» Study material
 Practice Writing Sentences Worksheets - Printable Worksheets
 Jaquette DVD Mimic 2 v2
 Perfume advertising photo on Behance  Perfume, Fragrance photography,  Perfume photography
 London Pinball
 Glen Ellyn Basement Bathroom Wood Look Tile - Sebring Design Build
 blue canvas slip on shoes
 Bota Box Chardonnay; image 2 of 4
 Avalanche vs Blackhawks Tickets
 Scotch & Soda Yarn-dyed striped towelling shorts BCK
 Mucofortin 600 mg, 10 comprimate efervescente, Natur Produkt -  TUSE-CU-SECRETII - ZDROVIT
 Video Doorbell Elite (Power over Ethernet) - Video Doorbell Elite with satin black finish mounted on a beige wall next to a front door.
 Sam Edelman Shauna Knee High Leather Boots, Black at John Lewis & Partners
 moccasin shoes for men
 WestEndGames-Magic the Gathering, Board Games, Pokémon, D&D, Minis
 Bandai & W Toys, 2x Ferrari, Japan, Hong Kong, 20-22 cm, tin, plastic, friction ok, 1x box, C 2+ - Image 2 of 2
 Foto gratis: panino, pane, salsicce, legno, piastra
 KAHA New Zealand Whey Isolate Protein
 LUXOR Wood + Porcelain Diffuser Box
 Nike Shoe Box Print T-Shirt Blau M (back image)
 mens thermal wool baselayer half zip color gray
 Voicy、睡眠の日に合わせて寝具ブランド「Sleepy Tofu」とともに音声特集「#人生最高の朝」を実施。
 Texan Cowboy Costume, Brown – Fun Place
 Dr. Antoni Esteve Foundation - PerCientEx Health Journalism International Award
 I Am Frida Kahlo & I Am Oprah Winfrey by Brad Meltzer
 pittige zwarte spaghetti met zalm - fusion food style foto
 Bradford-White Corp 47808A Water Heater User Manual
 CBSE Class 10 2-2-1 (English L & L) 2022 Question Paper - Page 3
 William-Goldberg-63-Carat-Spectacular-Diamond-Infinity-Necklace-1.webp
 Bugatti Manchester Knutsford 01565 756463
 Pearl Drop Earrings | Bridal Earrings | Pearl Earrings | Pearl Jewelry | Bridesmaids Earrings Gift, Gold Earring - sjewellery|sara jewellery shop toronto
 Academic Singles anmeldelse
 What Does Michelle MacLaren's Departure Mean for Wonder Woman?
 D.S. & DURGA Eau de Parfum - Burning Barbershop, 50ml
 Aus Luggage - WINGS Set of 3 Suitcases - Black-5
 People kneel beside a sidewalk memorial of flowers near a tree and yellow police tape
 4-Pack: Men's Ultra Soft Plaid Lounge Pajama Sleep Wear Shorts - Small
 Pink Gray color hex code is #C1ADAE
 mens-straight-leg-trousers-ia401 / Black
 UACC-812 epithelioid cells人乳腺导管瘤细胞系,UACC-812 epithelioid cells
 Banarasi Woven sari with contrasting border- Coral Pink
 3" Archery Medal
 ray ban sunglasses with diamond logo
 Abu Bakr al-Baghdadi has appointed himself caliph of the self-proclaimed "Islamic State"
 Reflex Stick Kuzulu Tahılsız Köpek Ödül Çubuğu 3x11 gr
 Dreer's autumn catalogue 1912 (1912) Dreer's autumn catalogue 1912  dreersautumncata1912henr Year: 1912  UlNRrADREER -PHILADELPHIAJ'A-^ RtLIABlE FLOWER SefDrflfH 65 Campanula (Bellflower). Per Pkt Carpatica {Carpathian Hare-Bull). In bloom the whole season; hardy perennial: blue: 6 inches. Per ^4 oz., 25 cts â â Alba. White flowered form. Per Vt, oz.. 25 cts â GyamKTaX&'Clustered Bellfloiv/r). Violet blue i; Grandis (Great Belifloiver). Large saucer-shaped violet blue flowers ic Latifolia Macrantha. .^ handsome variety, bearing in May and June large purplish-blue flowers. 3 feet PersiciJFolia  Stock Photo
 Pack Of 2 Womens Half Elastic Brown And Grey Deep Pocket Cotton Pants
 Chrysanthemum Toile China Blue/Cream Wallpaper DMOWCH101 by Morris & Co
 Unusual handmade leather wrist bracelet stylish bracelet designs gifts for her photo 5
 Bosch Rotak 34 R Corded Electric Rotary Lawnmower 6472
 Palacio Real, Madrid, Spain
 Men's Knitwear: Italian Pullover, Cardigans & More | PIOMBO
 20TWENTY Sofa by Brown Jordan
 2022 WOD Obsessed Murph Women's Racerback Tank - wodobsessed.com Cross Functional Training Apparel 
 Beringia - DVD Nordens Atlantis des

» What to do
Repeat, exactly as they stand above, the lines from the line with "moccasin shoes for men" to the line with "Nike Shoe Box", both lines included.

» Result below
 moccasin shoes for men
 WestEndGames-Magic the Gathering, Board Games, Pokémon, D&D, Minis
 Bandai & W Toys, 2x Ferrari, Japan, Hong Kong, 20-22 cm, tin, plastic, friction ok, 1x box, C 2+ - Image 2 of 2
 Foto gratis: panino, pane, salsicce, legno, piastra
 KAHA New Zealand Whey Isolate Protein
 LUXOR Wood + Porcelain Diffuser Box
 Nike Shoe Box Print T-Shirt Blau M (back image)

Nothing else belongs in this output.